Auch andere Unikliniken – etwa in Frankfurt oder München, wo besonders viele internationale Flüge ankommen – haben ähnliche Isolierstationen. Non-Stop-Flüge von Guineas Hauptstadt Conakry aus gibt es allerdings nur nach Brüssel und Paris. Mit Zwischenstopp Casablanca gibt es Verbindungen nach Paris, Lyon, Nizza, Marseille, Toulouse, Barcelona und Mailand, schreibt die europäische Seuchenbehörde ECDC. Das Auswärtige Amt rät dringend von Reisen ab, die nach Waldguinea im Südosten des Landes und in die benachbarten Gebiete in Liberia und Sierra Leone führen. Unicef-Sprecher Laurent Duvillier betonte gegenüber Bloomberg, dass viele Menschen entlang der Grenzen regen Handel treiben. Touristen sollten in Hotels übernachten, engen Kontakt mit Tieren und kranken Menschen vermeiden und kein Buschfleisch essen, rät die Gesellschaft für Virologie

In Guinea darf kein Buschfleisch mehr verkauft werden

Für Touristen ist das Infektionsrisiko nach Angaben der ECDC und der deutschen Gesellschaft für Virologie allerdings extrem gering. Ebola wird schließlich nicht über die Luft, sondern nur beim direkten Kontakt mit Blut, Ausscheidungen, Körperflüssigkeiten oder Organen infizierter Menschen oder Tiere übertragen. Die meisten Menschen stecken sich während der Krankenpflege oder bei afrikanischen Bestattungszeremonien an.
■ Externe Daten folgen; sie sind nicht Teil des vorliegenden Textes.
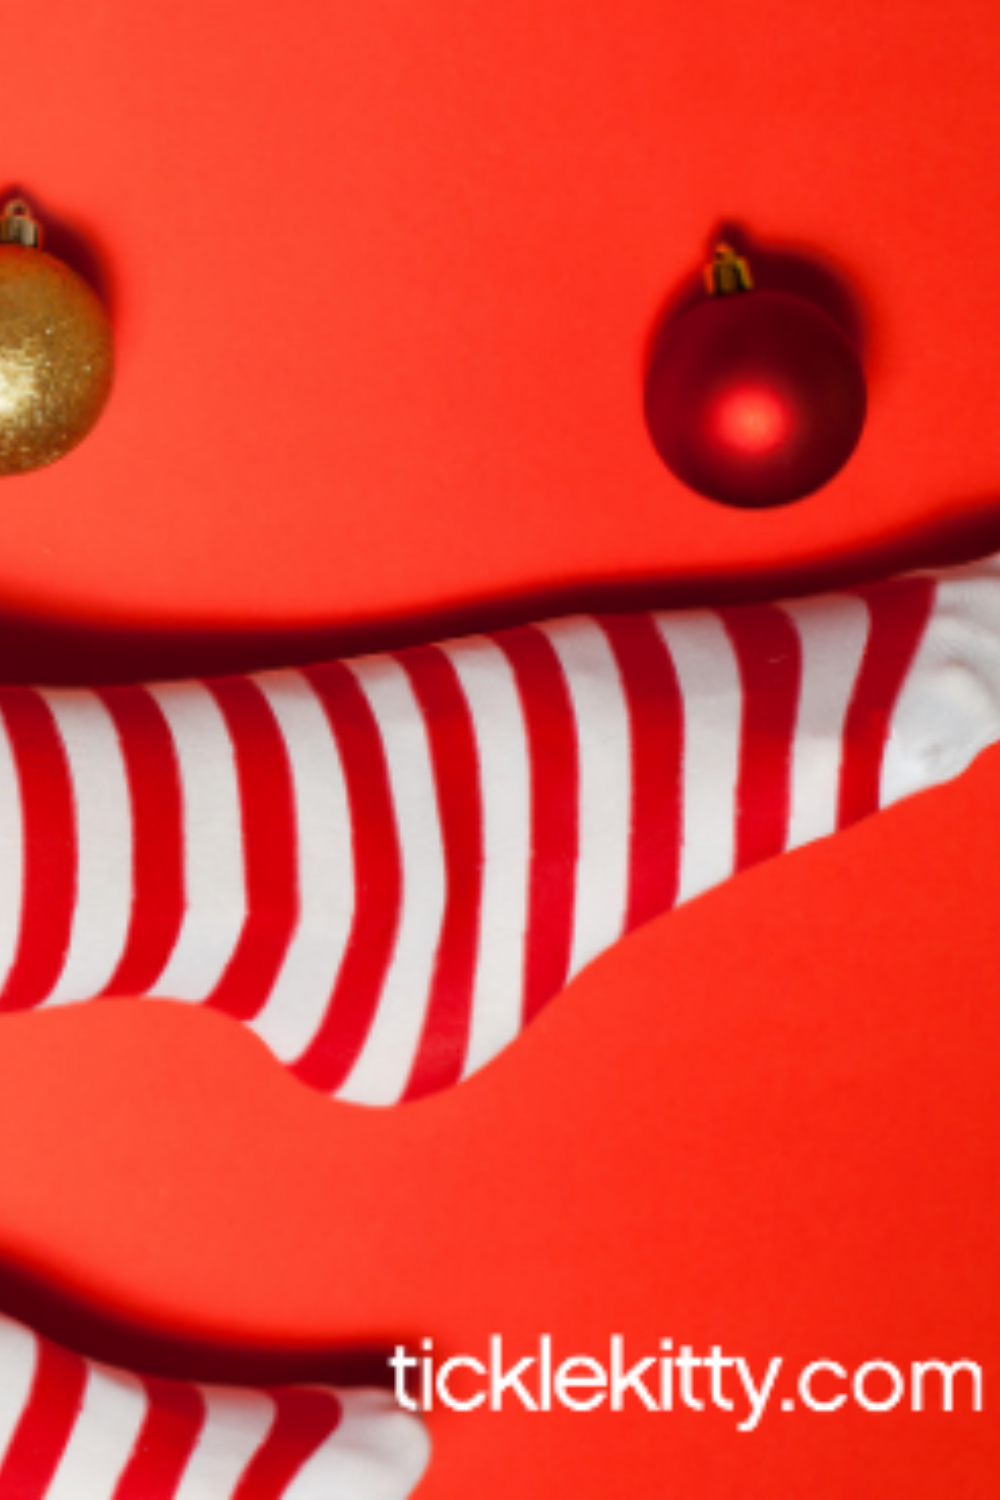 Sex Toy for Holidays? A Sexy Gift-Giving Guide!

Um die Epidemie einzudämmen, hat die Regierung von Guinea derzeit den Verkauf und Verzehr von Buschfleisch verboten. Dazu gehören unter anderem Affen, Flughunde und Antilopen. In den Dörfern, in denen die Seuche ausbrach, ernähren sich die Menschen angeblich auch von Flughunden. Diese Tiere werden nicht krank, im Lauf der Evolution haben Virus und Immunsystem ein Gleichgewicht gefunden. Springt das Virus aber auf Affen oder andere Tiere über, verenden sie genauso wie infizierte Menschen. Es gibt bisher keine Therapie, die das Virus in die Schranken weist.